MECHANISMS OF FIBER CARCINOGENESIS: FROM MITOCHONDRIAL DAMAGE TO SILENCING OF THE BIGH3 GENE

Although asbestos is a well established human carcinogen, the underlying mechanisms of fiber carcinogenesis are not known. For decades, asbestos has been considered a non-genotoxic carcinogen. Using a mutagenic assay system that is efficient in detecting multilocus deletions, we showed previously that chrysotile is indeed a potent gene and chromosomal mutagen. Furthermore, phagocytosis of asbestos by target cells and the resultant oxyradical production are important mechanistic factors in fiber mutagenesis. To demonstrate that extranuclear target may play a functional role in mediating fiber mutagenesis, enucleated cytoplasts were shown to induce oxyradicals in response to fiber treatment.

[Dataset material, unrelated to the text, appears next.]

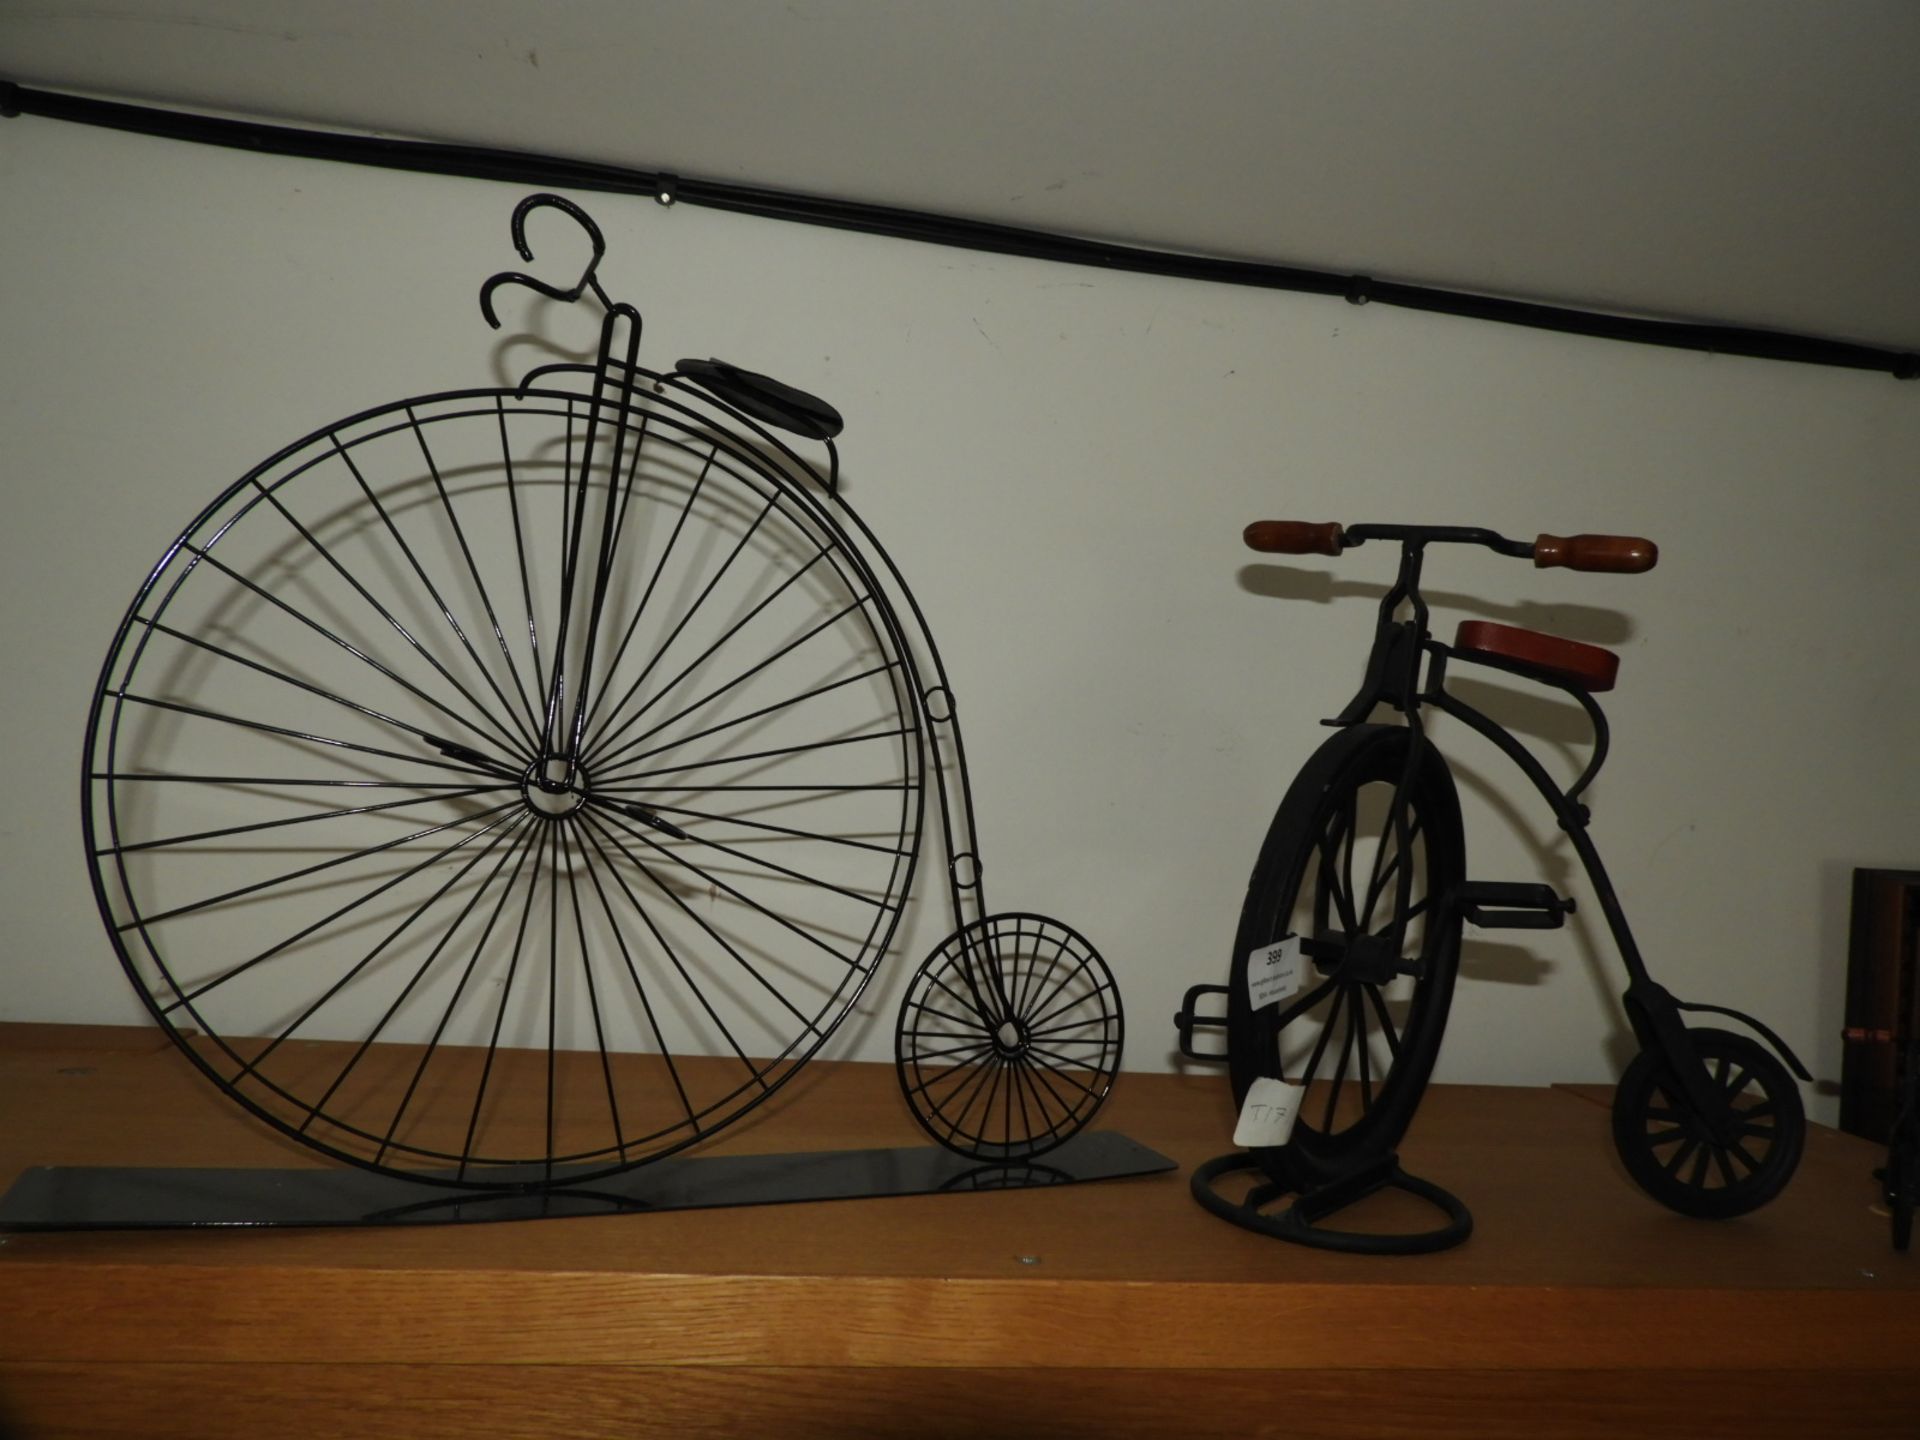 Two Metal Unicycle Ornaments

Furthermore, fiber-treated cytoplasts, upon fusion with non-treated karyoplasts showed a three-fold increase in 8-hydroxyl-deoxyguanosine, a biomarker for oxidative DNA damage. Furthermore, asbestos-treated human bronchial epithelial cells showed alterations in mitochondrial functions including a decrease in cytochrome c oxidase activity, an increase in citrate synthase activity and a decrease in overall oxygen consumption. These alterations correlated with depletion in mtDNA copy number and an increase in large heteroplasmic mtDNA deletions. Using an immortalized human bronchial cell model, we have shown that chrysotile fibers induce step-wise neoplastic transformation of these cells that form progressive growing tumors when inoculated into nude mice. Microarray analyses have identified that the βigH3 gene is consistently under-regulated in tumorigenic cells. Re-expressions of the βigH3 gene in human mesotheliomas that show little or no expression of the gene can revert their tumorigenic phenotypes. These results provide collaborating evidence that chromosomal deletions and loss of tumor suppressor gene functions are crucial events in fiber carcinogenesis.